One way to investigate
transsaccadic feature prediction is to systematically alter feature values during saccadic eye movements and to test accompanying changes in peripheral perception. This strategy has recently been successfully applied to modify the peripheral perception of different visual features like spatial frequency (Herwig & Schneider,
2014), size (Bosco, Lappe, & Fattori,
2015; Valsecchi & Gegenfurtner,
2016), and shape (Herwig, Weiß, & Schneider,
2015; Köller, Poth, & Herwig,
2018; Paeye, Collins, Cavanagh, & Herwig,
2018).
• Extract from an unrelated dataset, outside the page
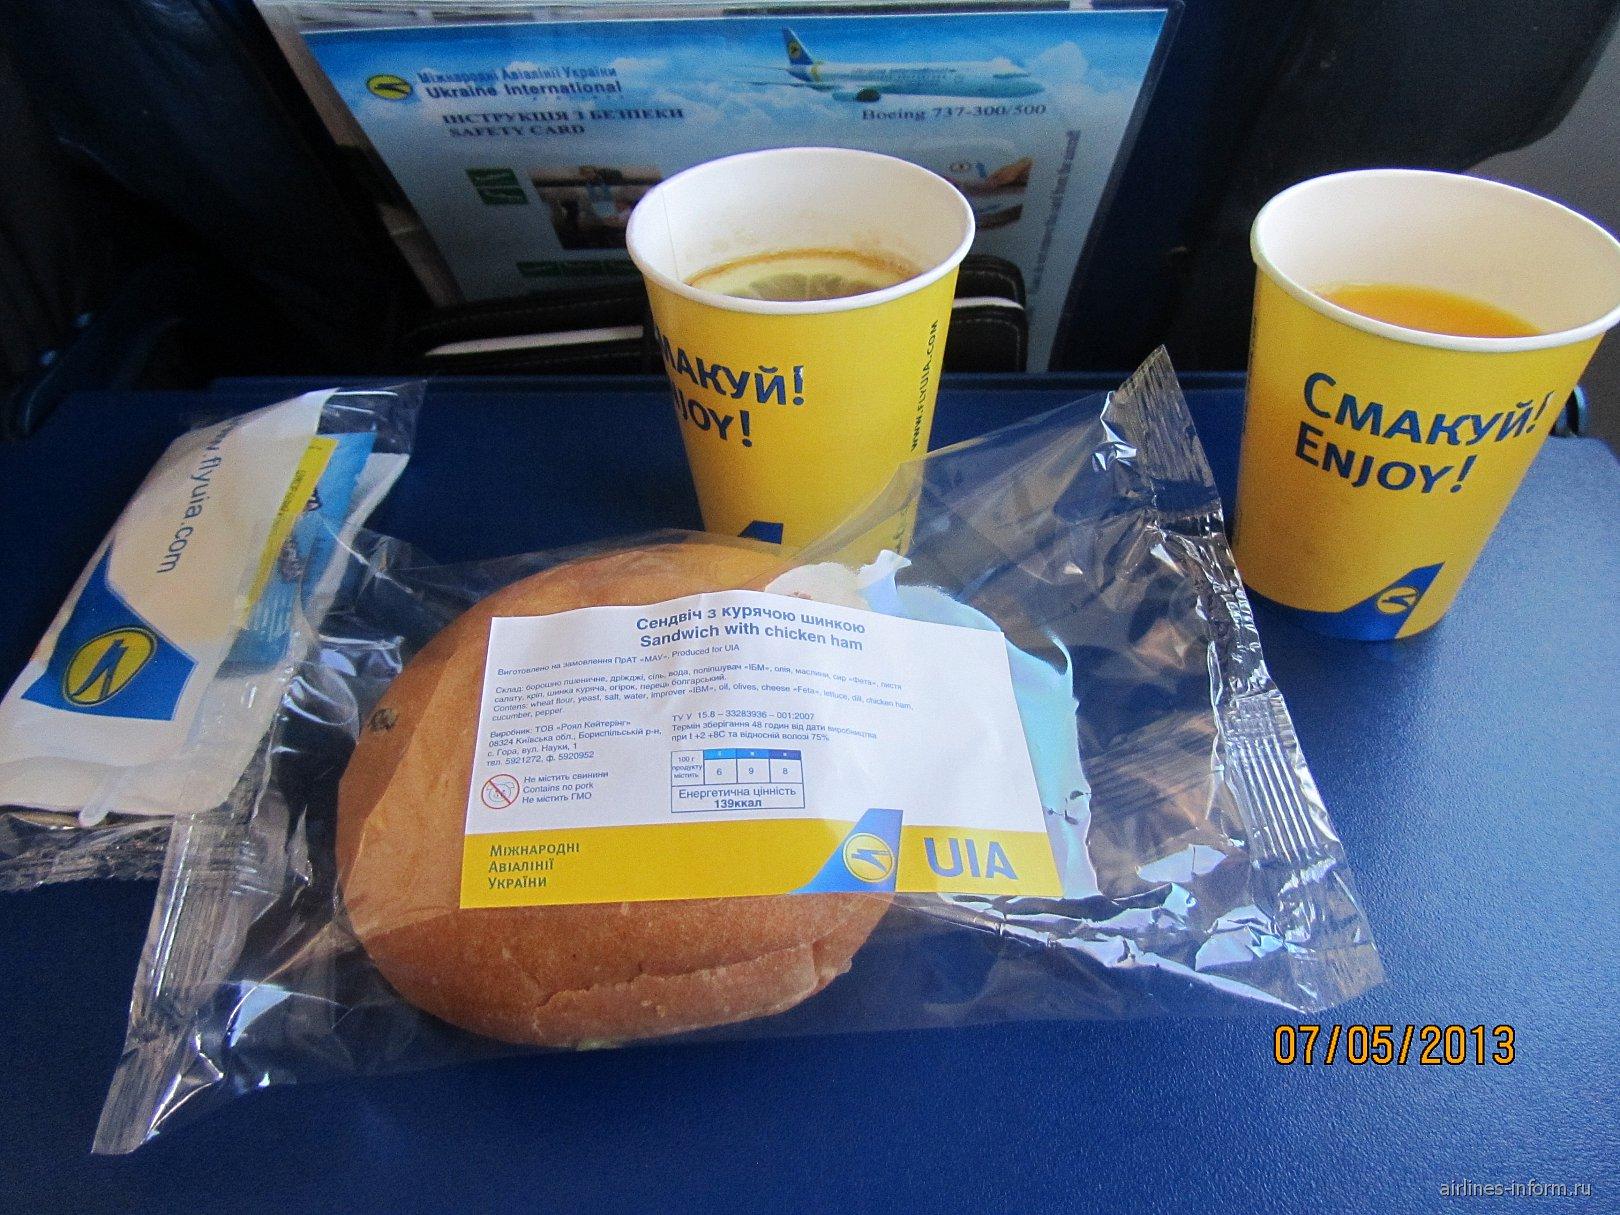 Питание на рейсе МАУ Новосибирск-Киев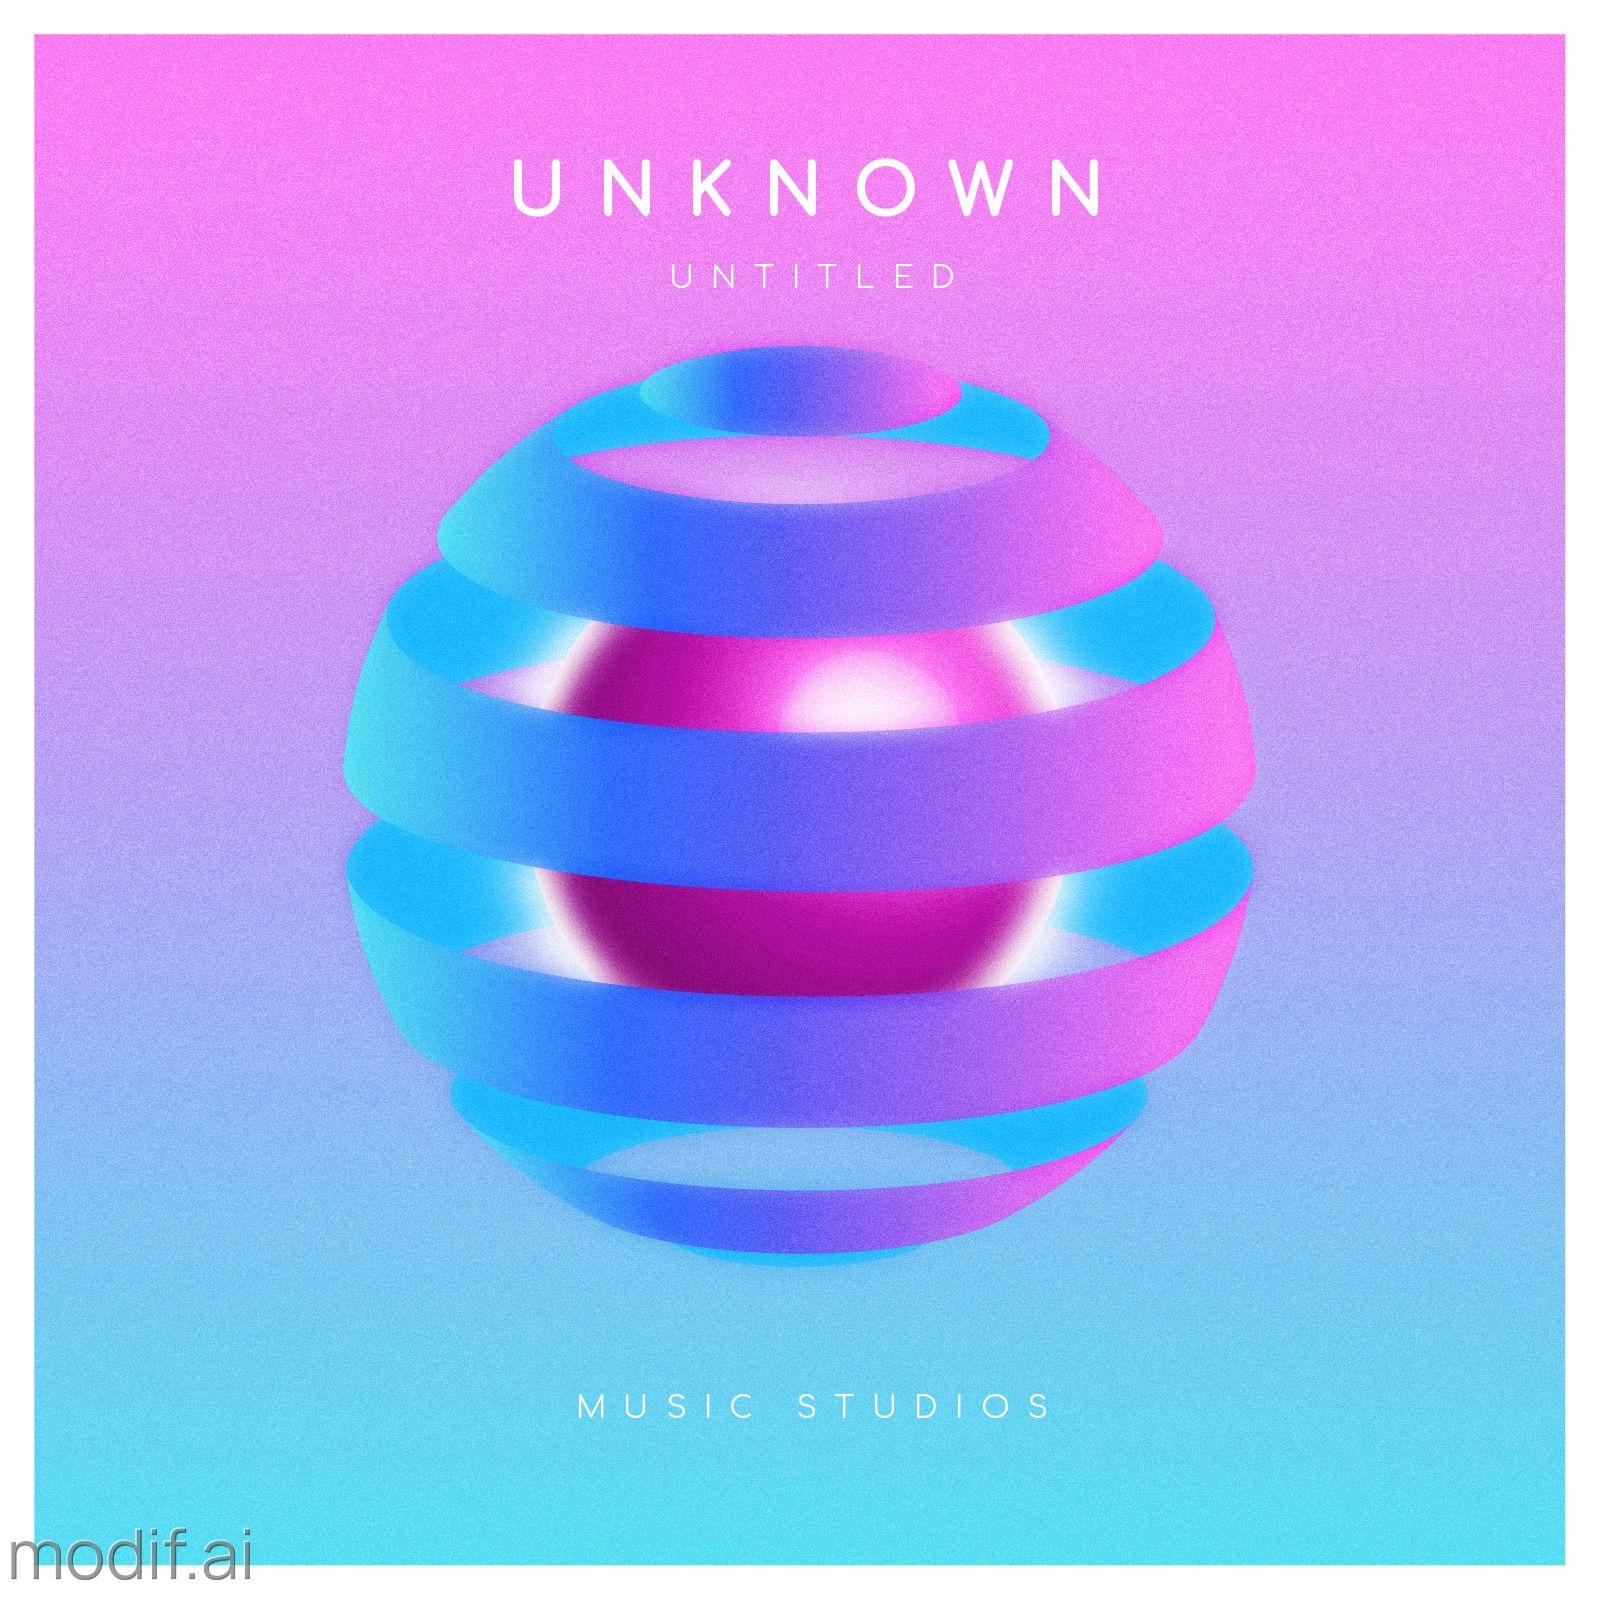 Futuristic Sphere Digital Album Cover Template

For example, in the study of Herwig and Schneider (
2014) participants first underwent a 30-min acquisition phase where, unnoticed by participants, one object systematically changed its spatial frequency during the saccade (
swapped object), whereas the spatial frequency of a second object remained unchanged (
normal object). The goal of this first phase was to establish unfamiliar (swapped object) and familiar (normal object) transsaccadic associations of peripheral and foveal object information. In the following test phase, the frequency of peripheral saccade targets was perceived as higher—in comparison to the normal baseline object—for objects that previously changed from low in the periphery to high in the fovea. Similarly, the frequency of peripheral targets was perceived as lower for objects that previously changed their spatial frequency from high to low. Thus, peripheral perception was biased in the direction of the previously acquired foveal input. Consequently, the presaccadic perception of peripheral saccade targets is not purely based on the actual peripheral object information but also on the predicted postsaccadic foveal input (Herwig,
2015). A recent study showed that the integration of these two information sources is modulated by object discrepancies during learning (Köller et al.,
2018). More specifically, the relative contribution of prediction decreased for large feature changes but did not reach zero, showing that even for profound discrepancies in the shape of an object (i.e., square to circle or vice versa) the prediction was not ignored completely. Remarkably, these bias effects were not affected by reported change detection, as no differences in judgment shifts between participants reporting the change in the postsession debriefing (detectors) and participants not reporting the changes (nondetectors) were found (Köller et al.,
2018).